Deus pode usar nossas habilidades naturais?

Acredito que sim. Tudo pode ser utilizado por Deus. Se analisar a época da vinda de Cristo, você verá que todo o contexto social e histórico tinha sido preparado por Deus, como o cenário é preparado em um palco, para a vinda do seu Filho.

E se pensar que o Império Romano criou uma fantástica rede de estradas, além de unificar as nações de forma que as pessoas pudessem viajar livremente, o que é isto senão um cenário perfeito para que os primeiros cristãos viajassem com facilidade para levar o evangelho?

O mesmo com as pessoas. Na parábola dos talentos, estes são distribuídos “a cada um segundo a sua capacidade” (Mt 25:15). Deus pode usar alguém com boa voz para pregar, ou um bom escritor para escrever, ou ainda um poliglota para usar sua habilidade na divulgação do evangelho.

Portanto, Deus faz uso das circunstâncias, e até interfere nelas, mas não está limitado a elas. Digo isto porque ele faz abundar sua graça em qualquer circunstância, independente da cultura, costumes ou habilidades naturais de cada um.

Um aspecto interessante de tudo isso é sua escolha dos quatro evangelistas, homens falhos como qualquer um de nós, responsáveis em apresentar a Cristo em seus diferentes aspectos. Mateus escreve sobre o Senhor como o Rei de Israel. No início encontramos “... viemos adorar aquele que é nascido Rei dos judeus” e no final, “... este é o Rei dos Judeus” escrito na cruz.

Mas quem era aquele que Deus escolheu para apresentar o Rei? Um coletor de impostos para os romanos, uma ocupação odiada pelos judeus e nada patriota, pois o povo estava sob o domínio de um povo invasor, os romanos, para quem Mateus trabalhava. O escolhido para apresentar o rei legítimo trabalha para o rei invasor!

Certamente nenhum judeu poderia acusar Mateus de estar cuidando de seus interesses. Um coletor de impostos para o rei romano precisava ter muita convicção para escrever de um novo Rei. É o que costumamos chamar de “dar um tiro no próprio pé”.

Para escrever sobre Cristo como Servo, quem Deus escolheu?
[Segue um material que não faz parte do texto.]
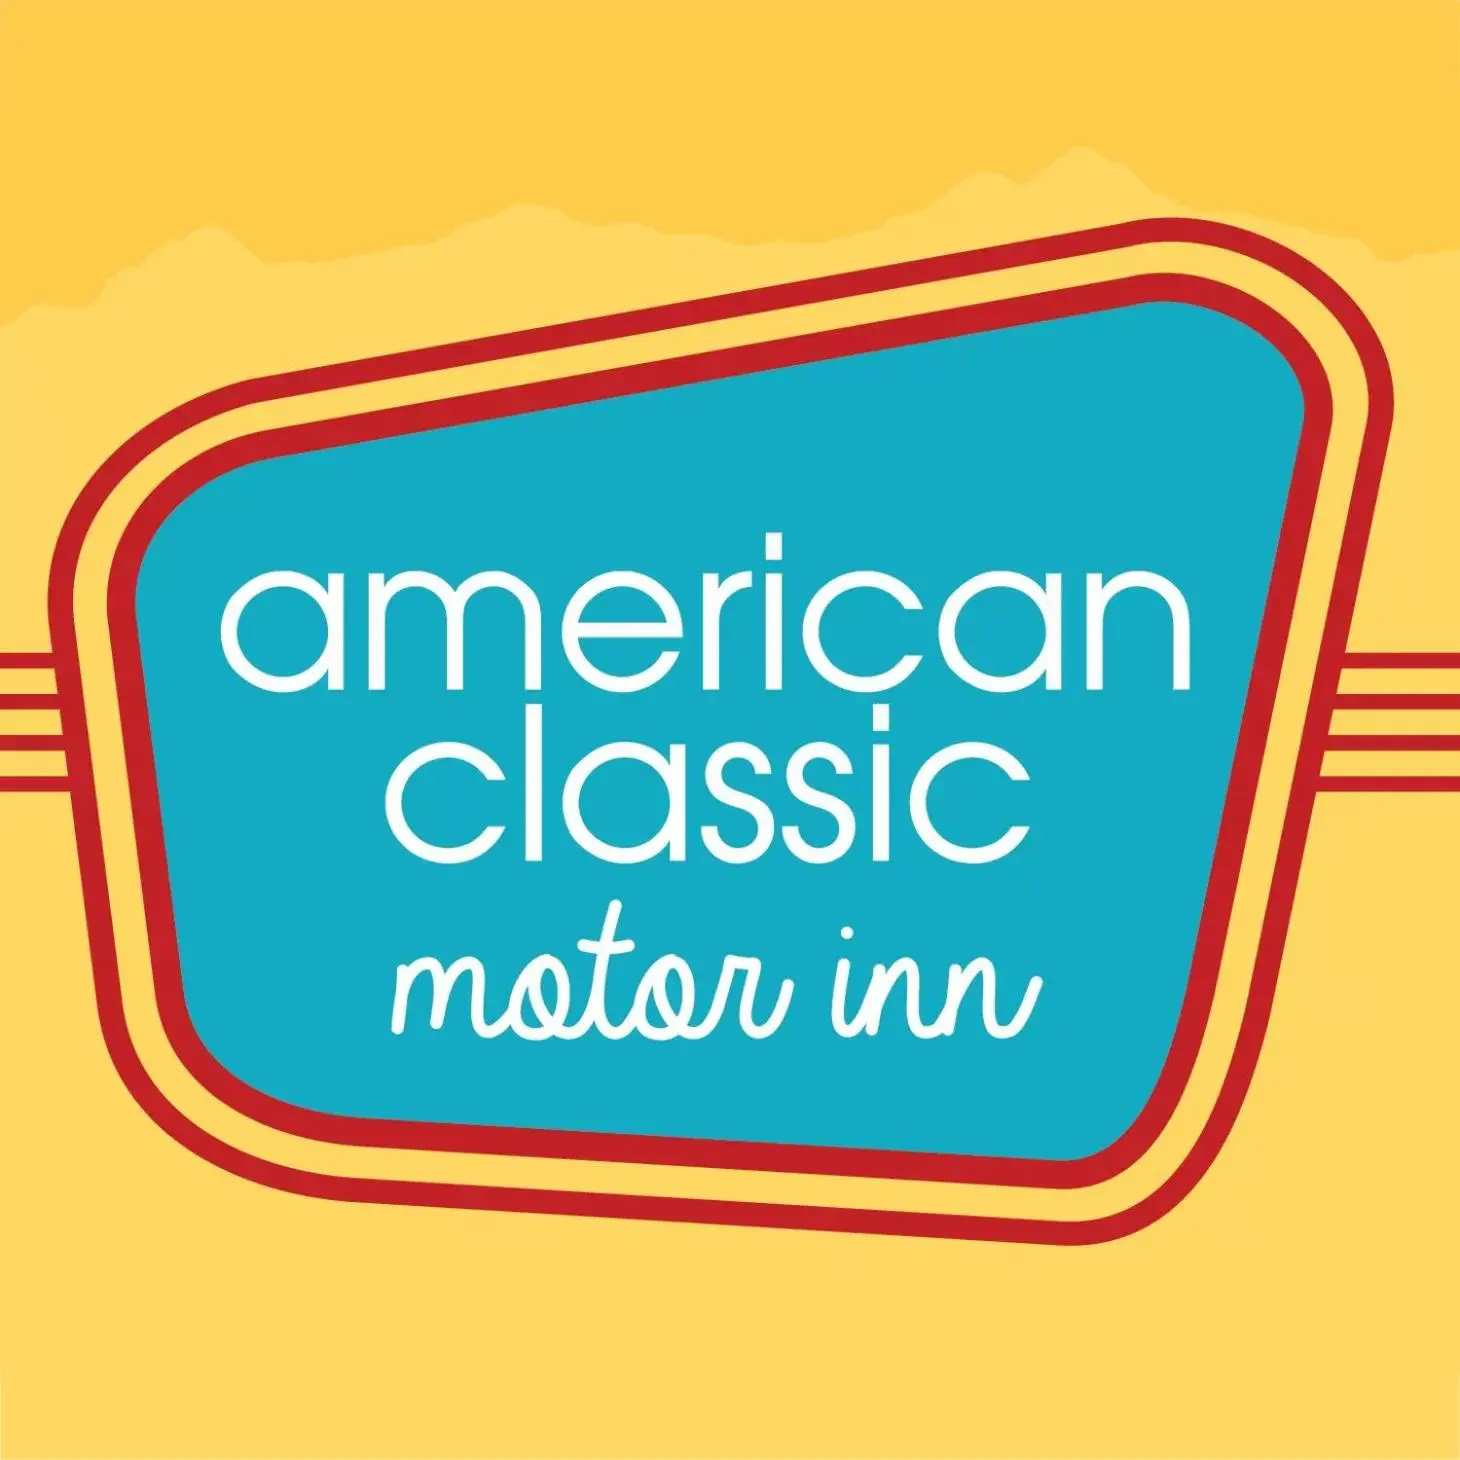 American Classic Inn

Marcos, alguém que aparentemente não teve grande destaque entre os primeiros cristãos. Teria sido ele que fugiu nu na hora da prisão de seu Mestre? É interessante notar que, enquanto Mateus fala da genealogia real de Cristo, desde Davi, e Lucas trata da genealogia desde Adão, Marcos começa seu evangelho apresentando um Jesus sem genealogia, pois certamente um servo não era alguém que podia se dar ao luxo de ter uma genealogia.
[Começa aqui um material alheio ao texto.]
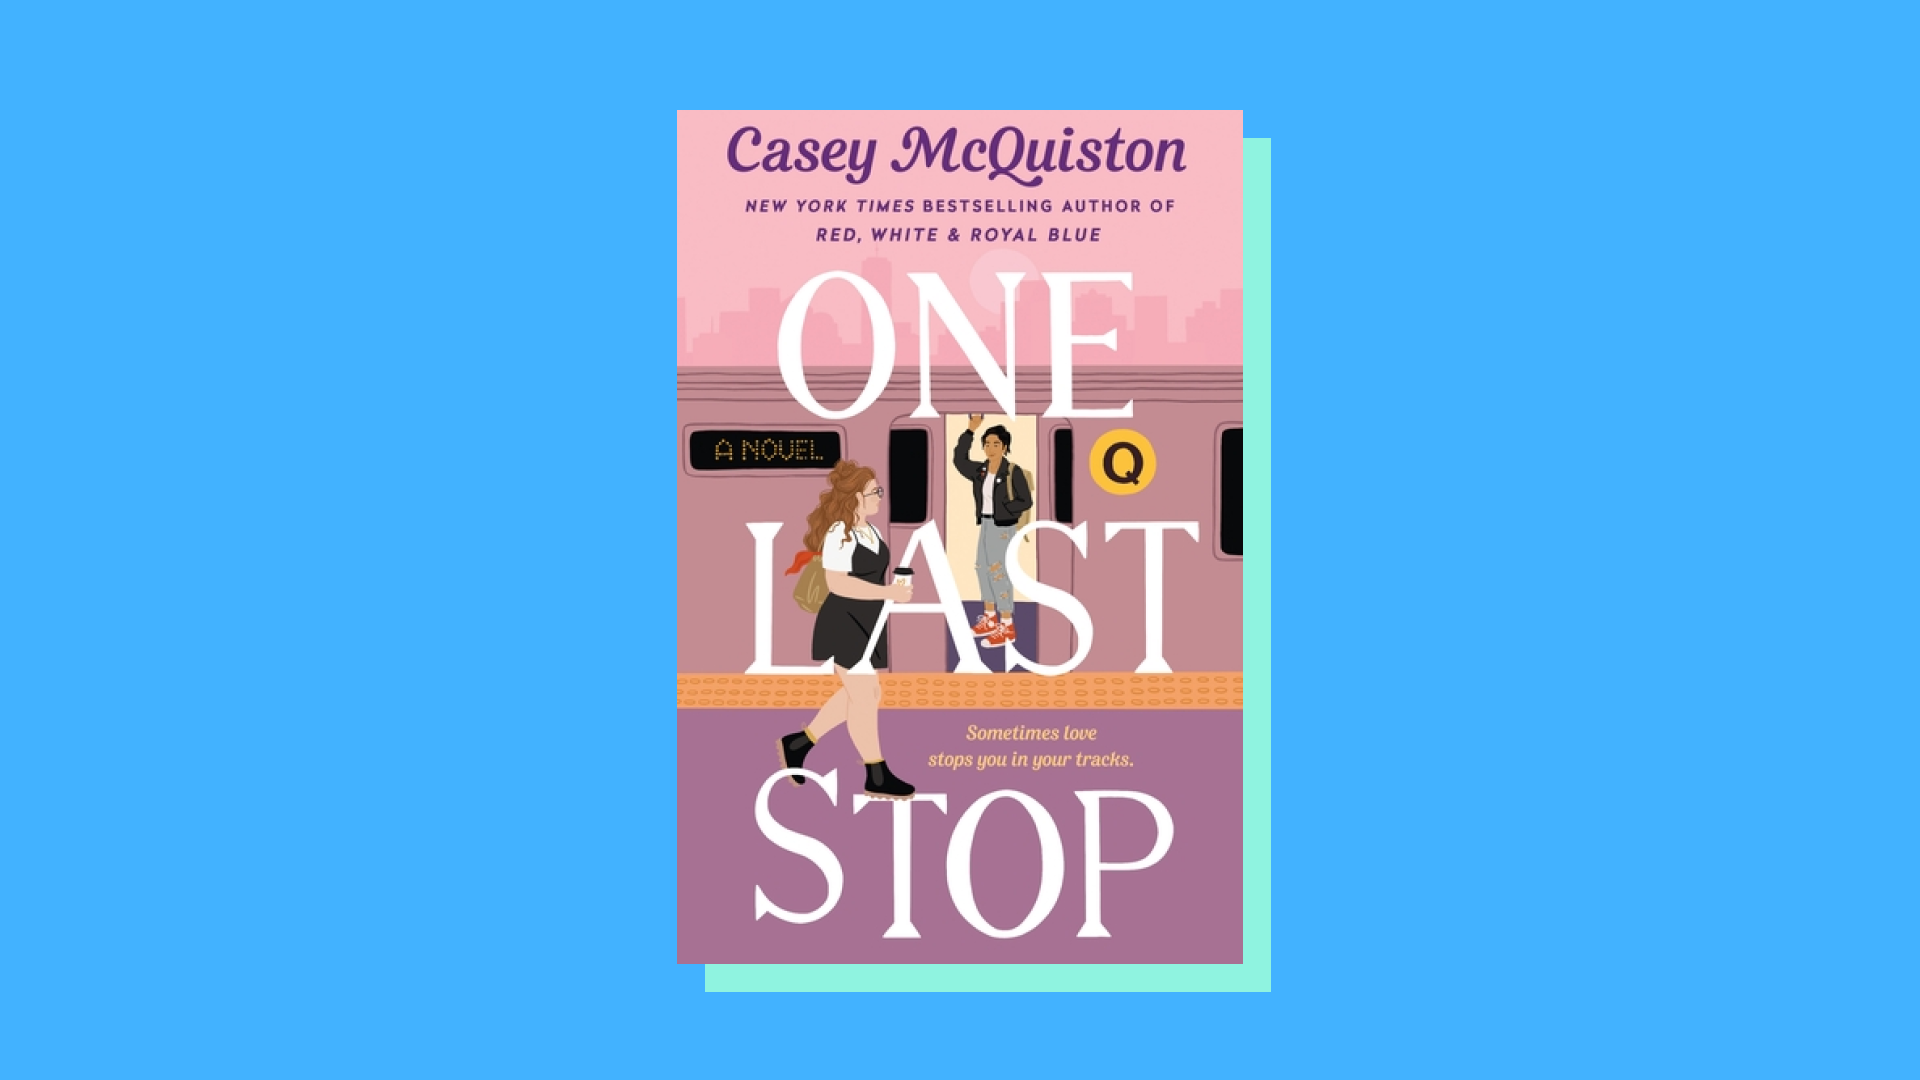 “One Last Stop” by Casey McQuiston 

O evangelho de Lucas apresenta a humanidade do Senhor Jesus e ninguém mais adequado para falar disso do que Lucas, um médico, alguém envolvido com o estudo do ser humano e sua natureza. Neste evangelho a genealogia do Senhor vem desde Adão, o primeiro homem.

Finalmente, João, aquele que se reclinava sobre o seio de Jesus, tem a incumbência de nos apresentar Aquele que veio do seio do Pai. João viu a transfiguração do Senhor e parecia ter uma intimidade maior que a dos outros discípulos. Quem mais poderia nos apresentar o caminho para termos intimidade com Deus?
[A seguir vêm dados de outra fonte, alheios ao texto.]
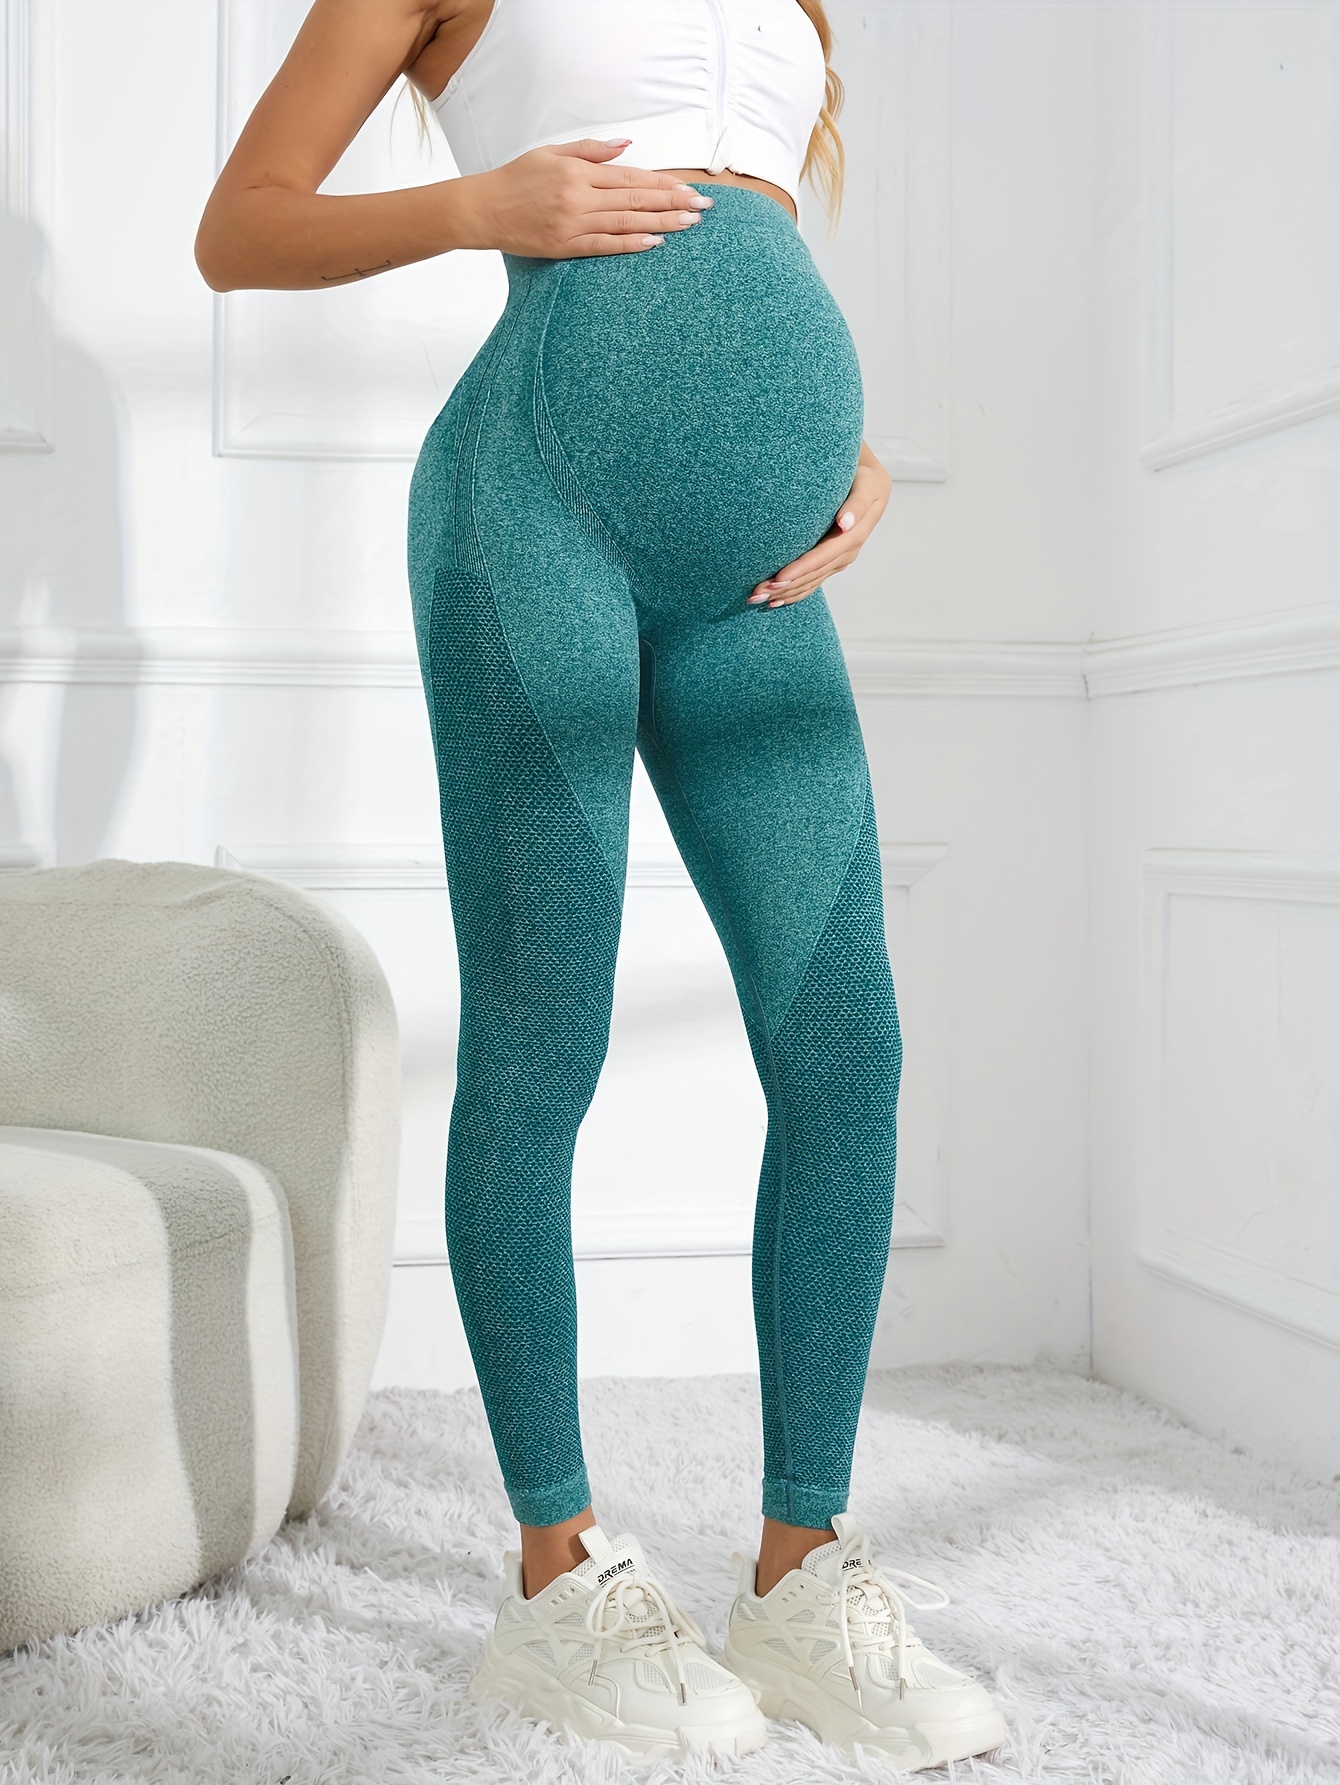 Pregnant Women Warm Maternity Stretchy Slim Skinny Leggings Pants

No evangelho de João Jesus não tem genealogia, e nem poderia ter. Ele é Deus, portanto o evangelho acaba ficando sem um começo definido: “No princípio era o Verbo...”. Tampouco o evangelho tem fim, ao dizer que “... nem todos os livros do mundo” quando fala da infinitude das obras de Cristo. É o evangelho eterno, como a bendita Pessoa que nos apresenta.